__Exercise details__:
Repeat exactly the lines below that lie between the line with "Bảng xếp hạng" and the line with "Rohingya Leaders Statement", counting both of those lines as part of the answer.

__Given entries__:
--------------------------------

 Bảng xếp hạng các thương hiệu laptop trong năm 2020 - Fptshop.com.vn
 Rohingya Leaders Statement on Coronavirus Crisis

--------------------------------

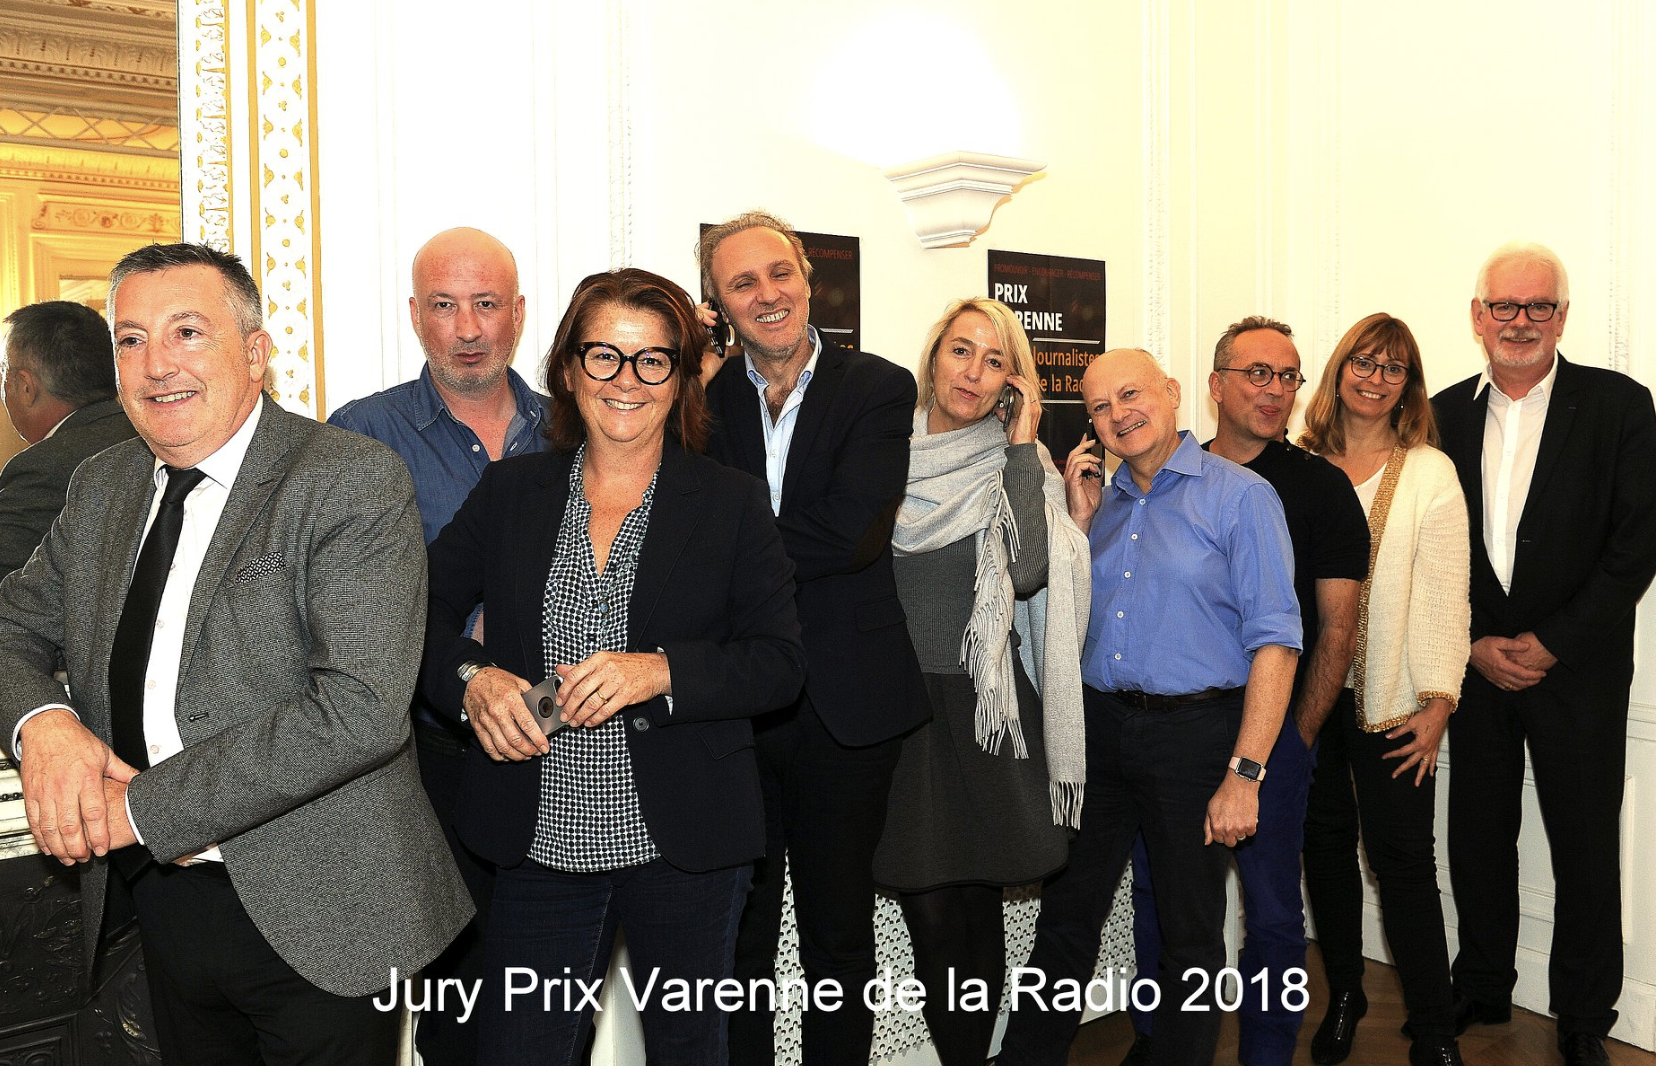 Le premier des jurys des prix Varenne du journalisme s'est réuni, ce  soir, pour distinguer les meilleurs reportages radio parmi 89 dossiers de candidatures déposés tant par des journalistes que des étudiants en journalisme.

--------------------------------

__Response for this exercise__:
 Bảng xếp hạng các thương hiệu laptop trong năm 2020 - Fptshop.com.vn
 Rohingya Leaders Statement on Coronavirus Crisis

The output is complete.